The other problem, of course, is the lack of hands-on training.
“Technicians are tactile learners. They learn by doing,” says Bailey. “You can show them all the pictures you want and you can tell all kinds of anecdotes and stories, but you’ll get guys calling you a week or two weeks later asking for help on something that you thought you’d covered. But if you let them do the job themselves, even once, you don’t get those calls. Once they’ve had the tool in their hand and they’ve actually worked on the part, it that drives the lesson home.”
And for those who are not as committed to training, it is much easier to put off an Internet appointment.
“I think coronavirus may be a convenient excuse for some not to do training,” says Lemay. “If you get out of the habit of seeking training, you stop developing as a technician. And as technology advances, you’re actually going backward. We can’t just stop training.
Web training is nothing new for Craig Van Batenburg, owner of Massachusetts-based training company ACDC. Specializing in hybrid and electric vehicle, he realized years ago that he got the best results when students arrived with some of the fundamentals already in place. Rather than create DVDs that would quickly go out of date, he started recording webinars that would serve as a primer for new students.

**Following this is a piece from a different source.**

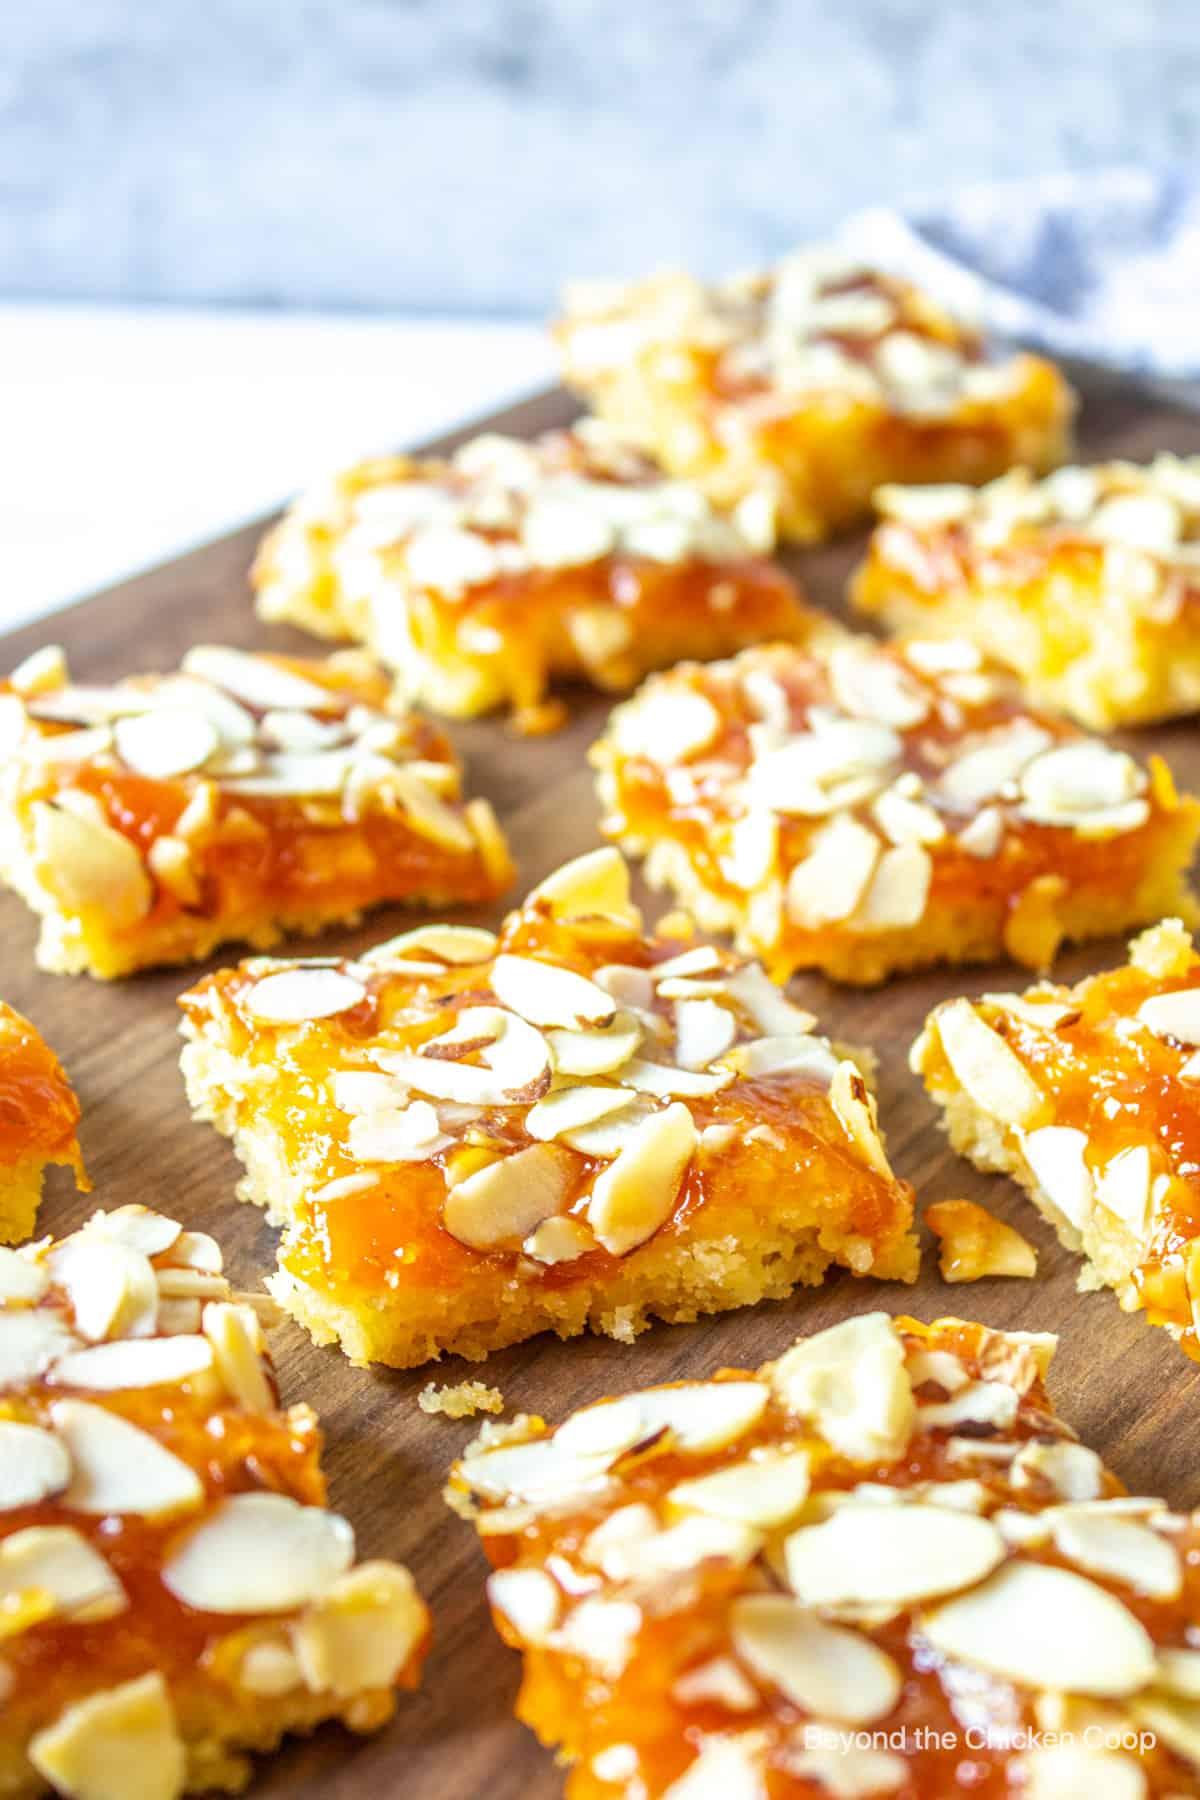 Apricot Almond Bars cut into squares.

Before long, he had a comprehensive library of training that could be delivered on-demand through the Internet.
“I had everything in place for Covid, and didn’t even know it,” he says.
When he had to put live training on hold in March, he launched daily webinars to keep his growing roster of students busy.
“Life has to go on,” he says. “It’s all a matter of adapting to new types of training.”
Unfortunately, it doesn’t offer the same kind of dopamine fix as live training.
“Part of the satisfaction of teaching a hands-on class is being with people who are struggling with a concept, and you’re guiding them through it, and suddenly they get it. The light bulbs start turning on. They grab their pens and hurriedly start writing things down. That’s a rush. That doesn’t happen on a webinar. You can’t read their faces.”
He says you have to have tremendous confidence that what you’re doing is making sense when you have no feedback. In his webinars, he uses the same strategy of opening the floor to questions throughout the class, rather than just at the end.
“The end is the wrong time to ask questions,” he says. “By then confusion has set it. Or they don’t want to ask questions because they’re tired, or they don’t want to prolong the class on.”
In his webinars he regularly unmutes the participants and encourages a discussion.
“Sometimes that becomes the class,” he says.
No one can say when live training will be possible again. And when it does resume, it may be in smaller classes to observe strict social distancing protocols.
Nevertheless, trainers are counting down the days.
“I don’t know when that’ll happen but when it does, I anticipate people will have been cooped up for so long that the turnout for training will be pretty good,” says Cleary.
Van Batenburg says until then, he’s staying busy, developing new classes, writing articles, and completing an automotive textbook.
“When this is over, I think we’ll emerge as a better training company,” he says. “And I think the industry will be ready to come back to class.”